Hornstein O P, Heyer G
Department of Dermatology, University of Erlangen-Nürnberg, FRG.
Acta Derm Venereol Suppl (Stockh). 1989;144:149-52. doi: 10.2340/00015555144149152.
Patients suffering from atopic eczema (AE) often exhibit general disturbances of vasovegetative skin functions. Thus, in 21 patients with AE we studied the response of the skin of one forearm to standardized 15-min exposure of the other forearm to a moderate cold bath (17-18 degrees C) and then, after a resting time, to a hot bath (40-41 degrees C). The results were compared with those in 23 age- and sex-matched healthy controls under the same experimental conditions. In most patients, the unilateral skin exposure to warmth left the temperature of the contralateral forearm nearly unchanged or even slightly decreased, whereas the exposure to cold induced either a slight rise in contralateral skin temperature or only a minute decrease. In contrast to the normal consensual temperature reaction of the non-exposed forearm to warmth exposure of the contralateral arm in most controls, the results in atopic patients indicate a "rigid" or even inverse ("paradoxical") response to the thermic stimuli applied. This abnormal pattern of thermoregulation may reflect an intrinsic disturbance of the peripheral and hypothalamic autonomous neural system involved in the pathogenetic conditions of AE.

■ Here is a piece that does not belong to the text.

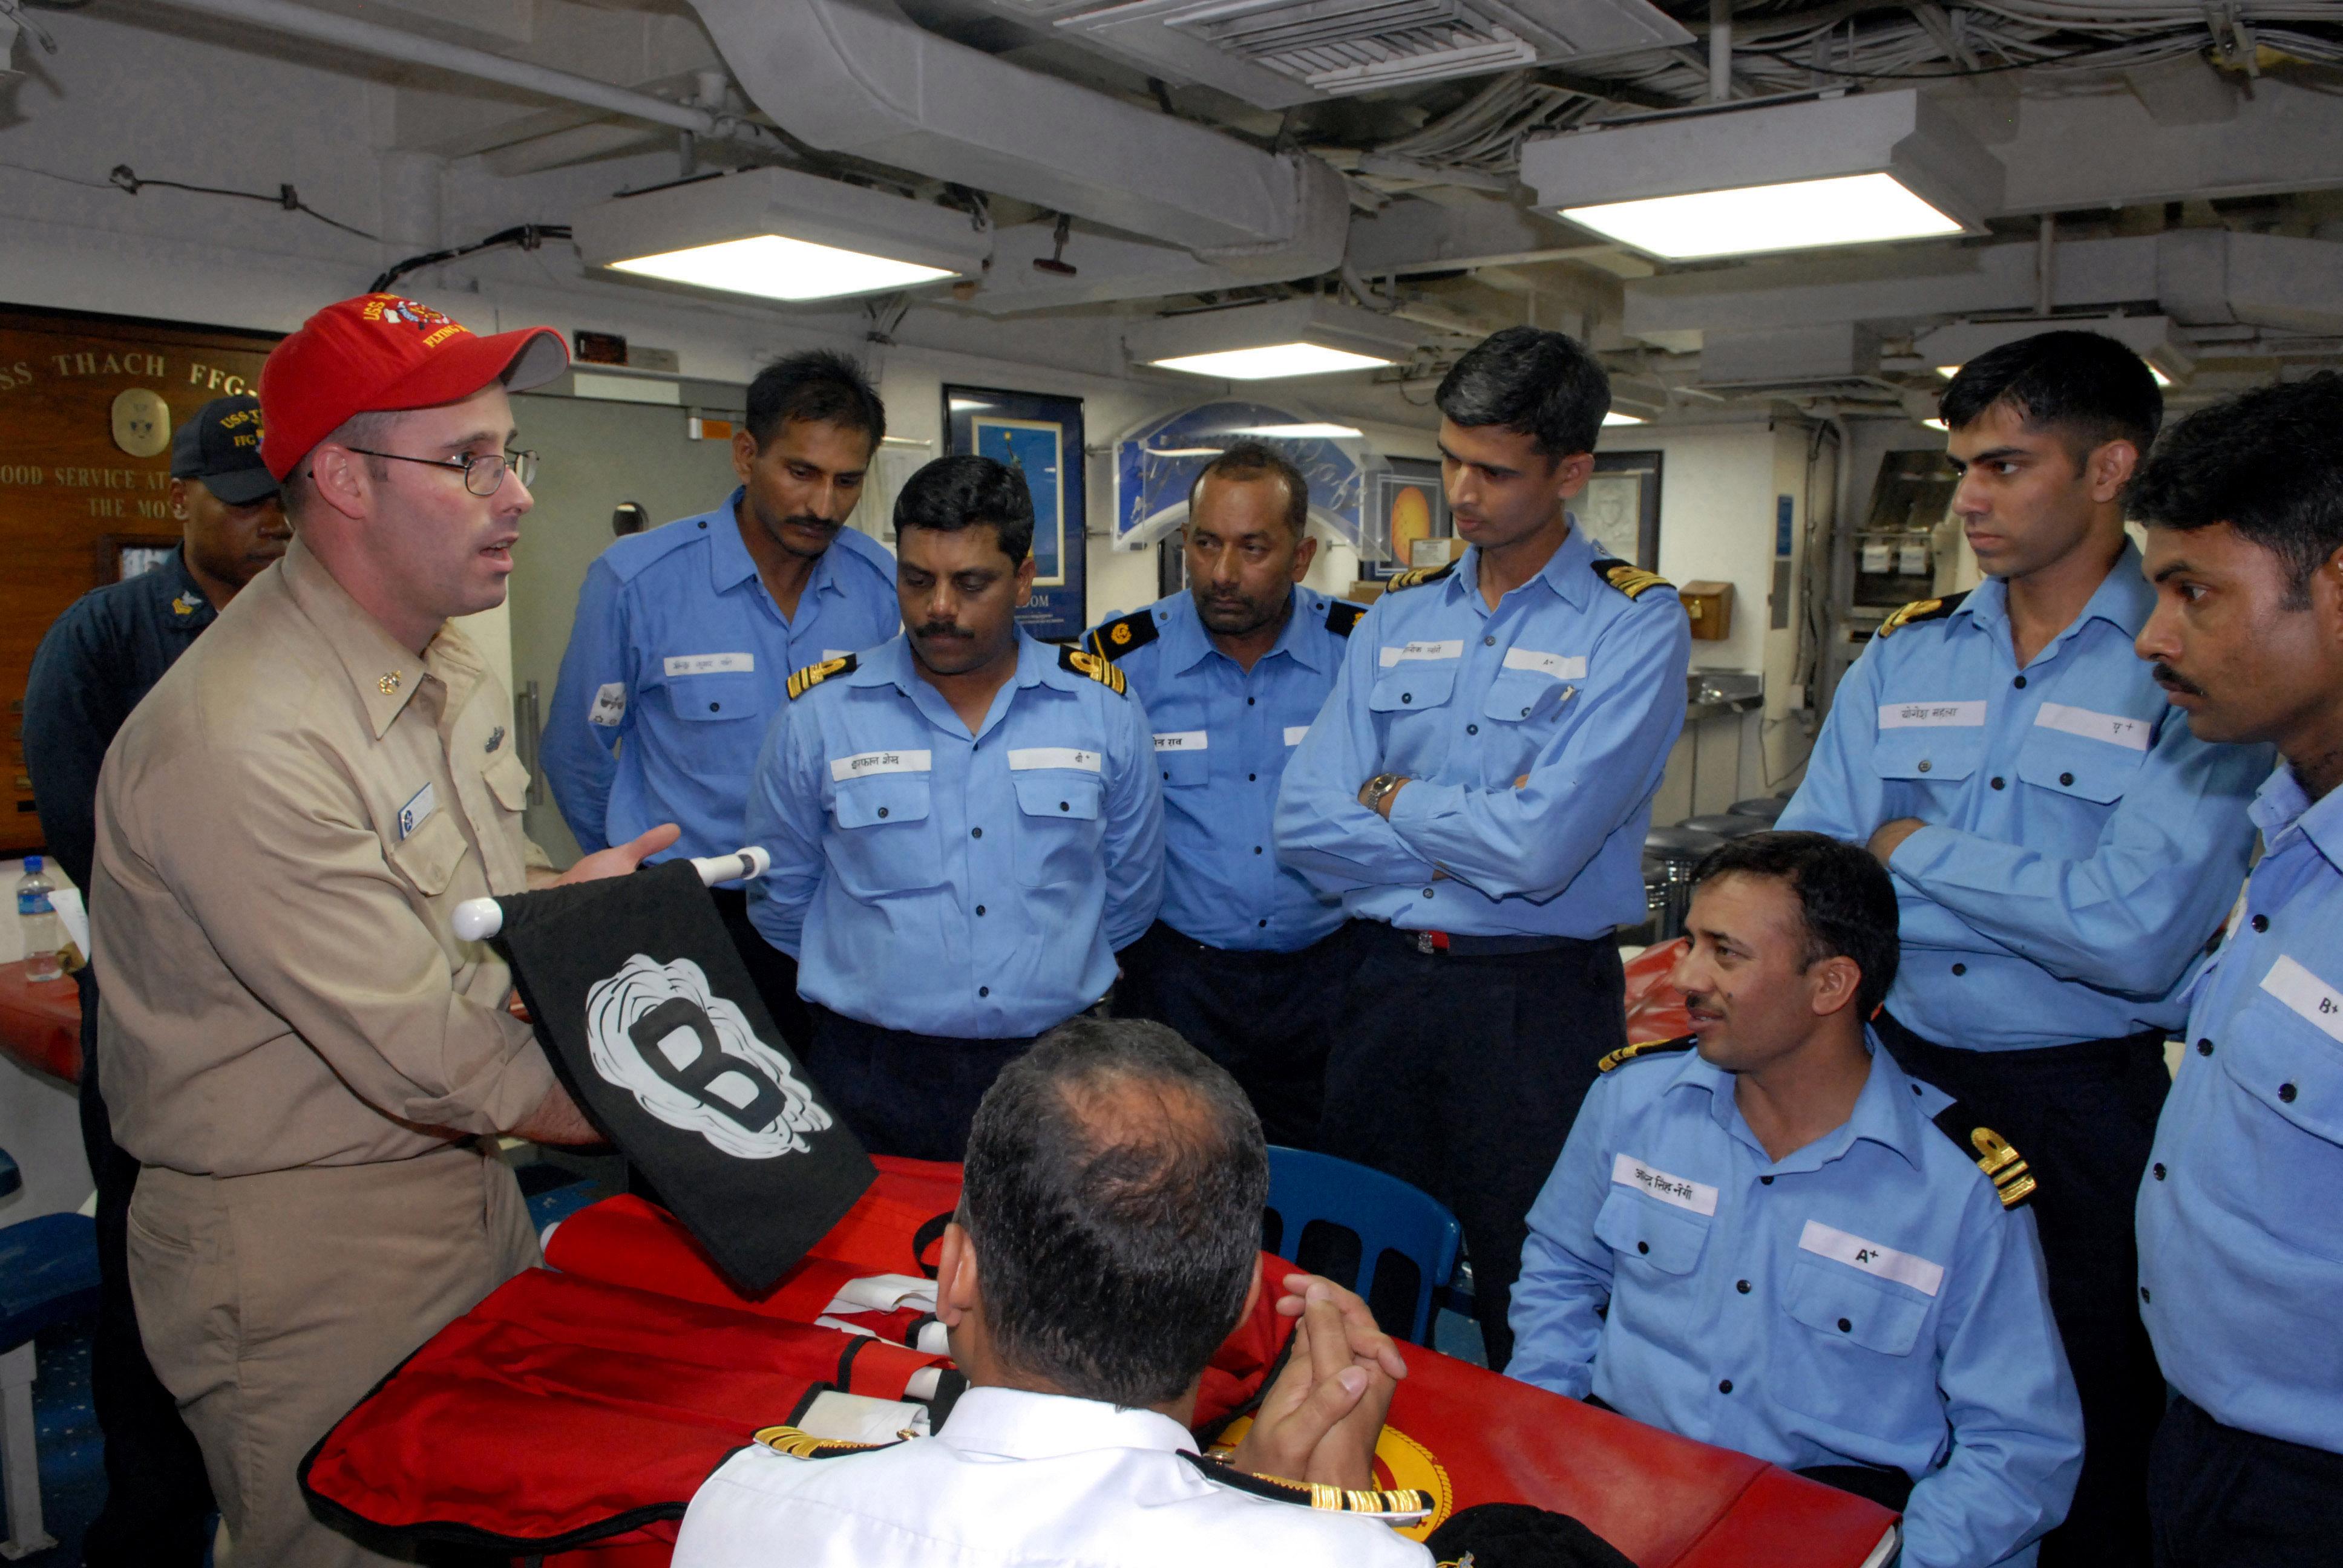 Tom kennedy us army claims service - File Us Navy 081018 N 1635s 010 Chief Damage Controlman Tom Kennedy

患有特应性皮炎(AE)的患者常表现出血管营养性皮肤功能的全身性紊乱。因此,我们对21例AE患者进行了研究,让其一侧前臂皮肤接受标准化的15分钟暴露,即对另一侧前臂进行适度冷水浴(17 - 18摄氏度),然后在休息一段时间后,再进行热水浴(40 - 41摄氏度)。将结果与23名年龄和性别匹配的健康对照者在相同实验条件下的结果进行比较。在大多数患者中,单侧皮肤暴露于温暖环境时,对侧前臂的温度几乎不变甚至略有下降,而暴露于寒冷环境时,对侧皮肤温度要么略有上升,要么仅有微小下降。与大多数对照者中未暴露的前臂对侧臂温暖暴露的正常同感温度反应不同,特应性患者的结果表明其对所施加的热刺激有“僵化”甚至相反(“矛盾”)的反应。这种异常的体温调节模式可能反映了参与AE发病机制的外周和下丘脑自主神经系统的内在紊乱。